Exercise prompt | First find the line with "ONCHA*不適合 on Twitter", then reproduce it and all following lines of the data to the end, exactly and with no pictures, adding nothing.

(Beginning of Supplied data)

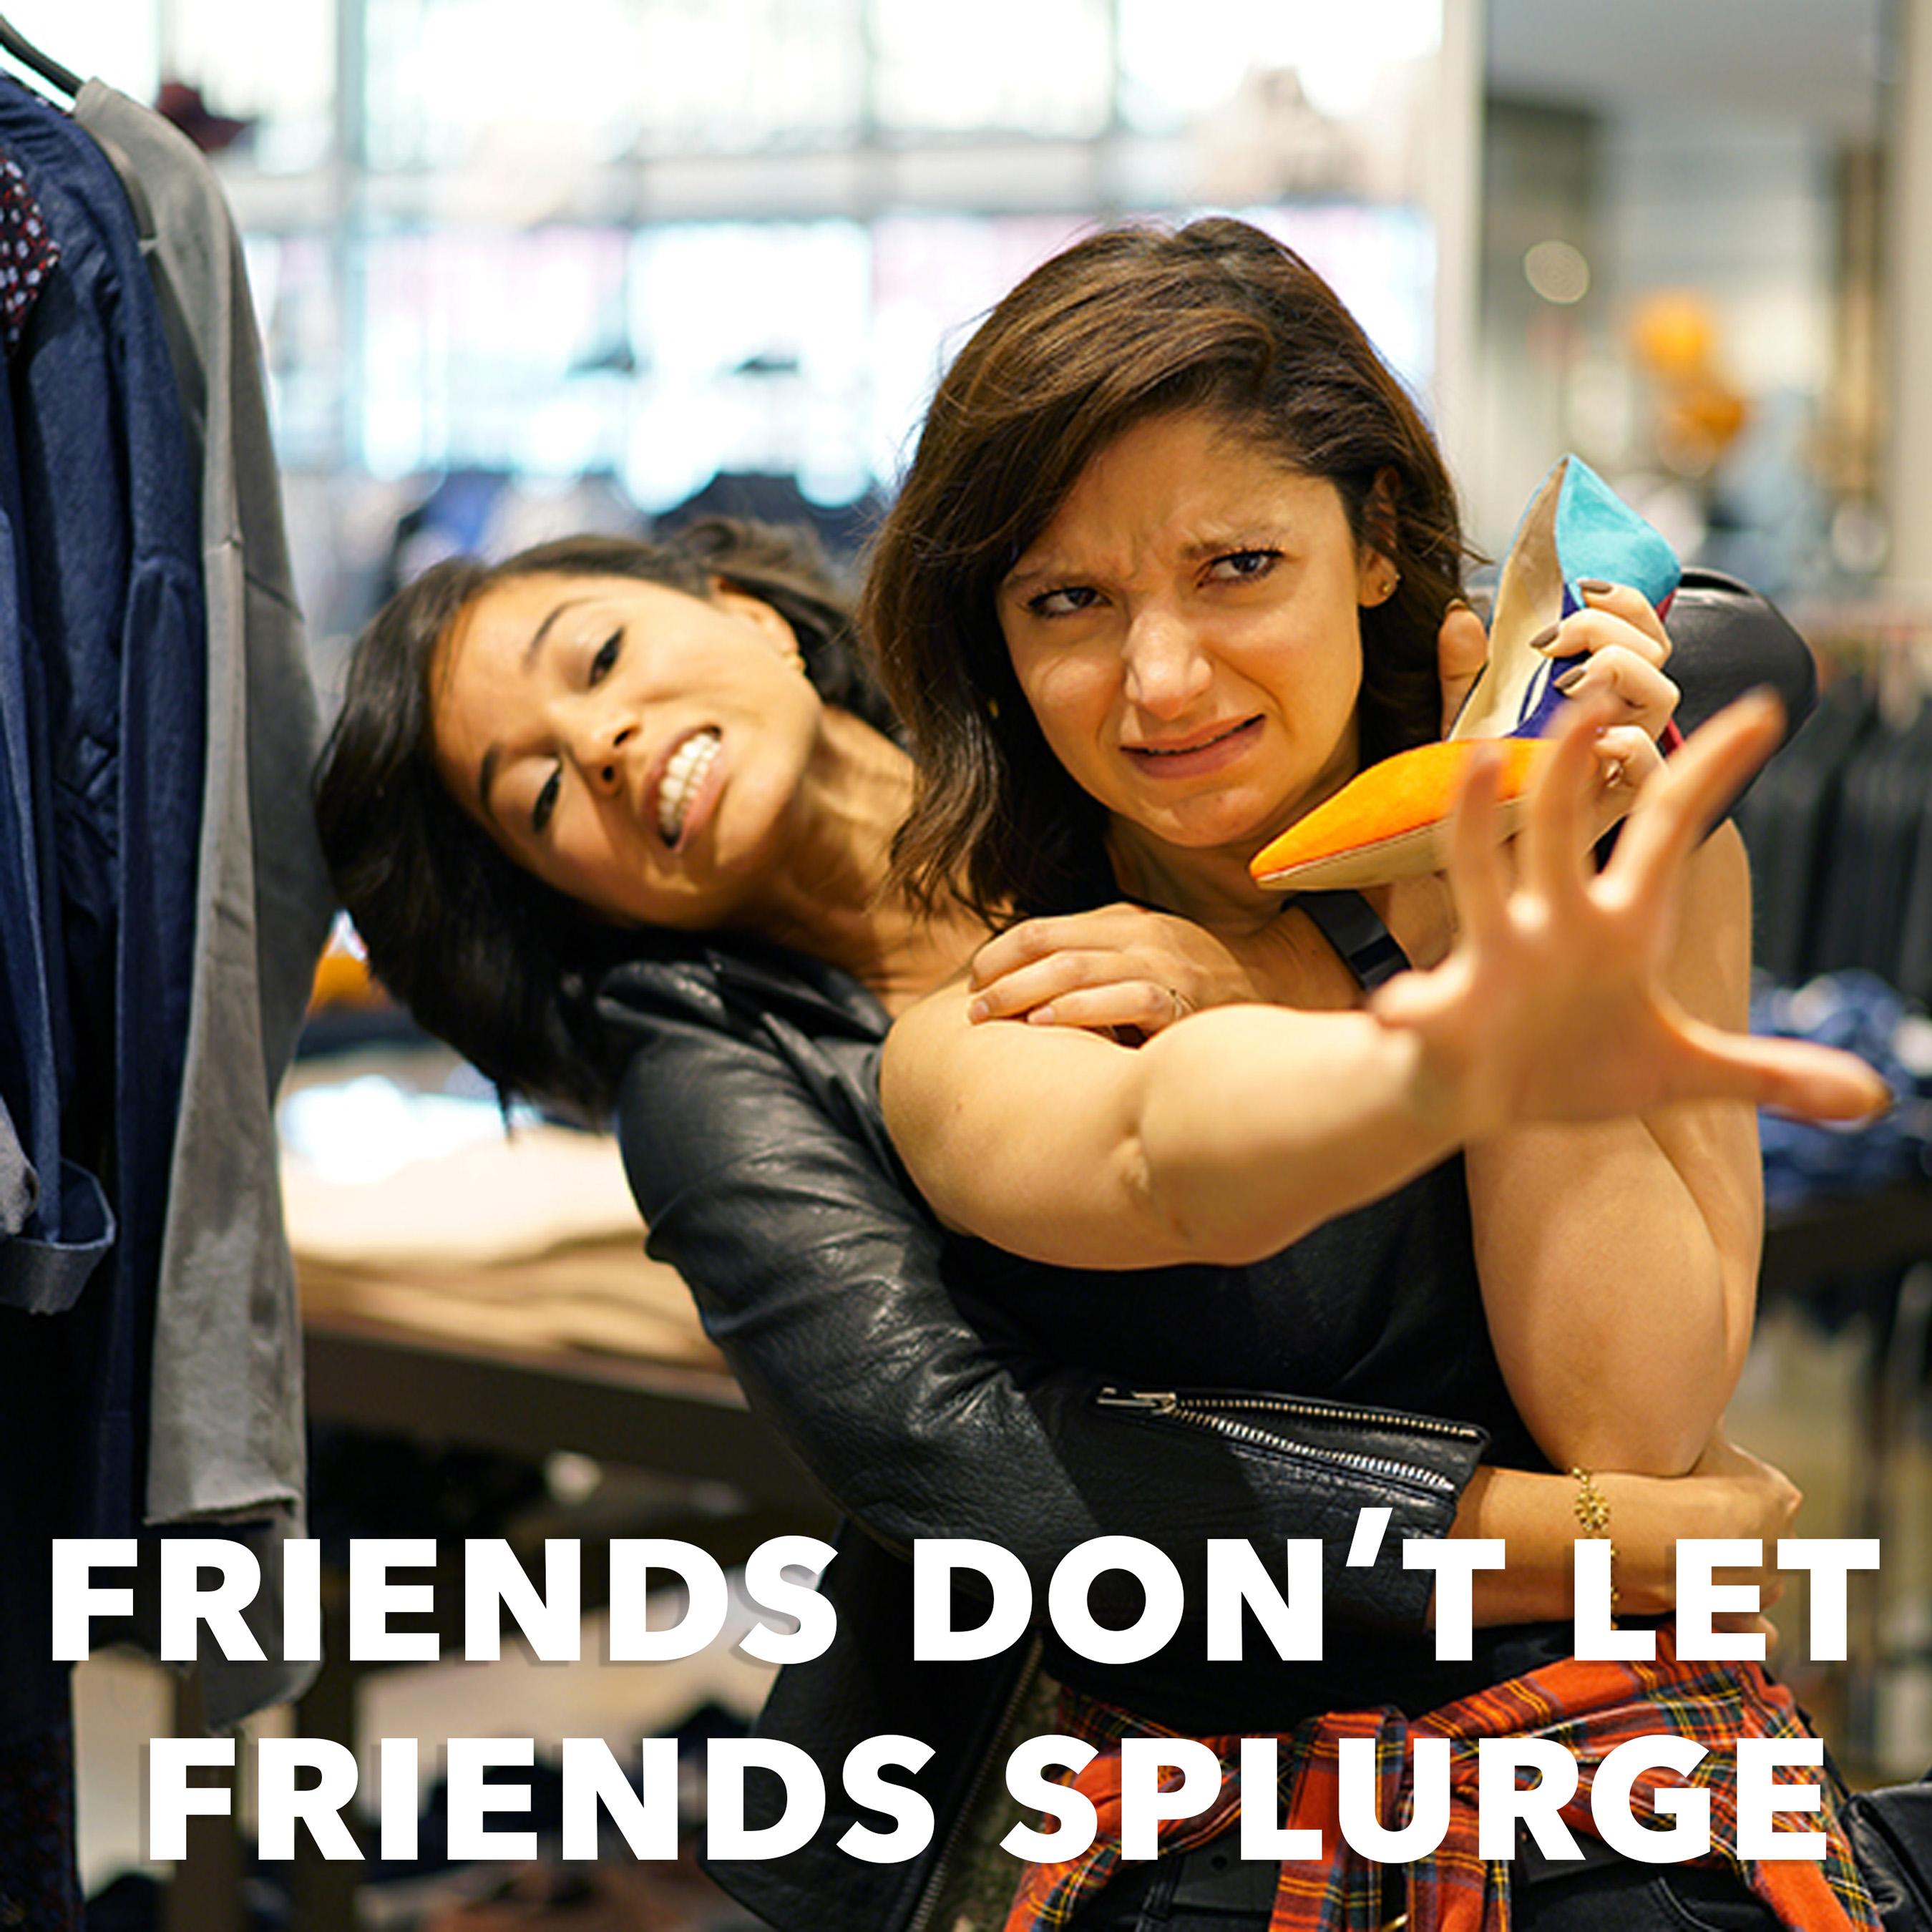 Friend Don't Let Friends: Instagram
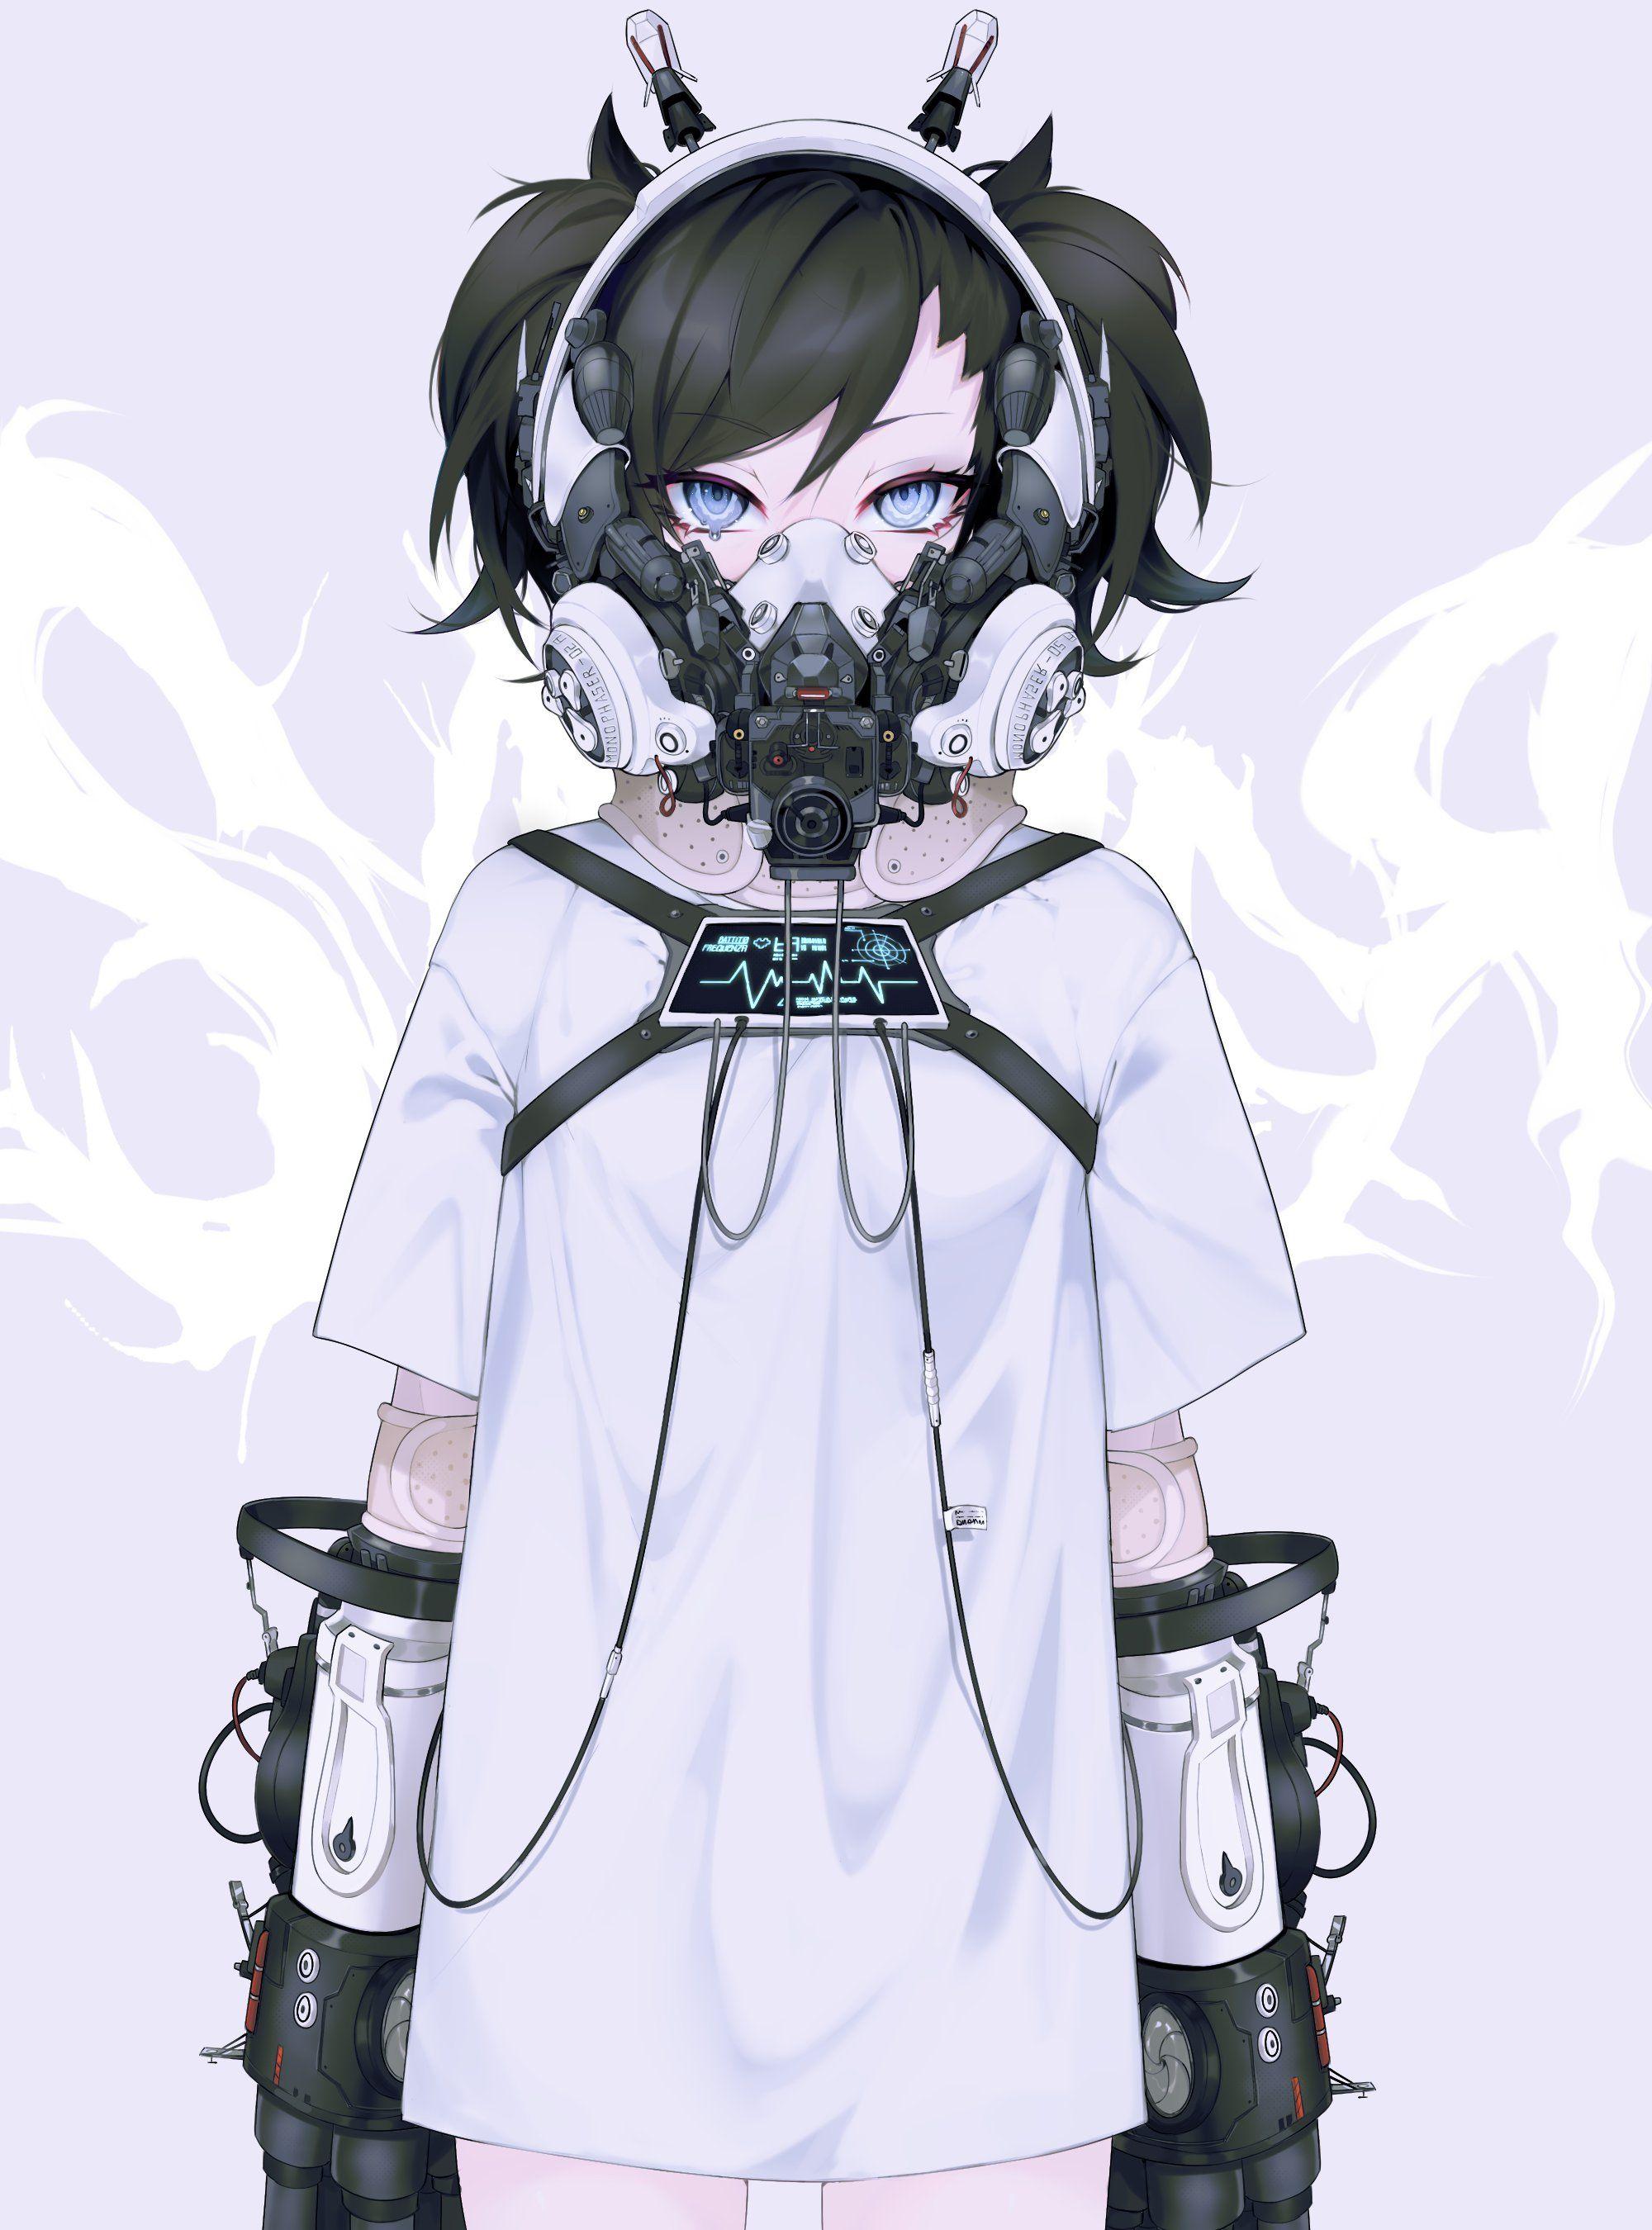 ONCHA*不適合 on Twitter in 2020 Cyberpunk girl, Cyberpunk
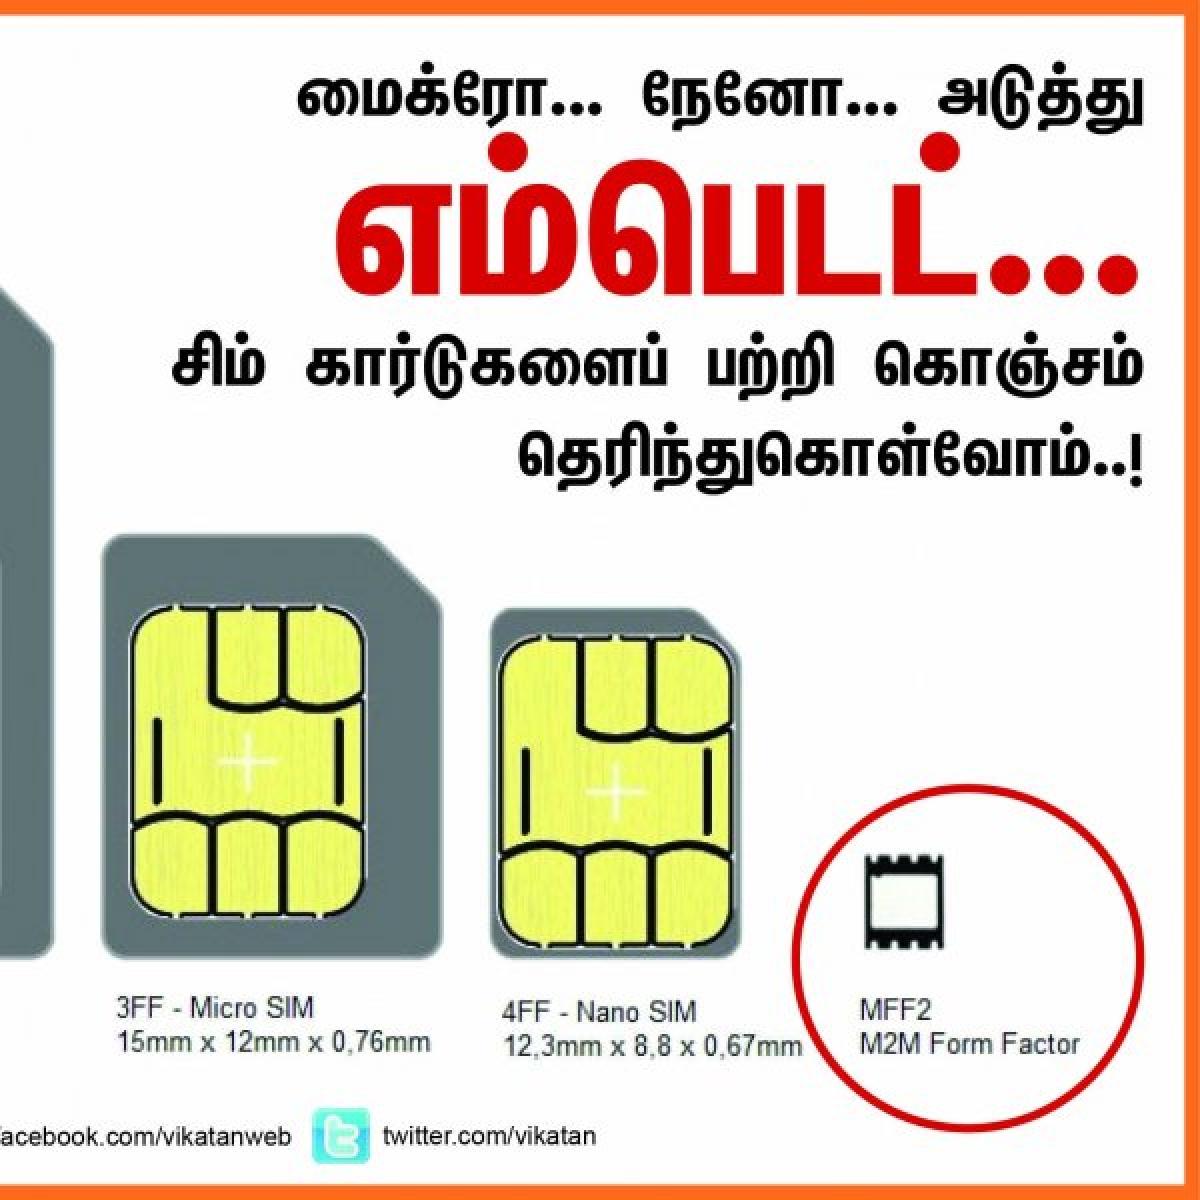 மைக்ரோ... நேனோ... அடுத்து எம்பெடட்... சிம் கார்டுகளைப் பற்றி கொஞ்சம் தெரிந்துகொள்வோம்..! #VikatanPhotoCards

(End of Supplied data)

Response to the task |
 ONCHA*不適合 on Twitter in 2020 Cyberpunk girl, Cyberpunk
 மைக்ரோ... நேனோ... அடுத்து எம்பெடட்... சிம் கார்டுகளைப் பற்றி கொஞ்சம் தெரிந்துகொள்வோம்..! #VikatanPhotoCards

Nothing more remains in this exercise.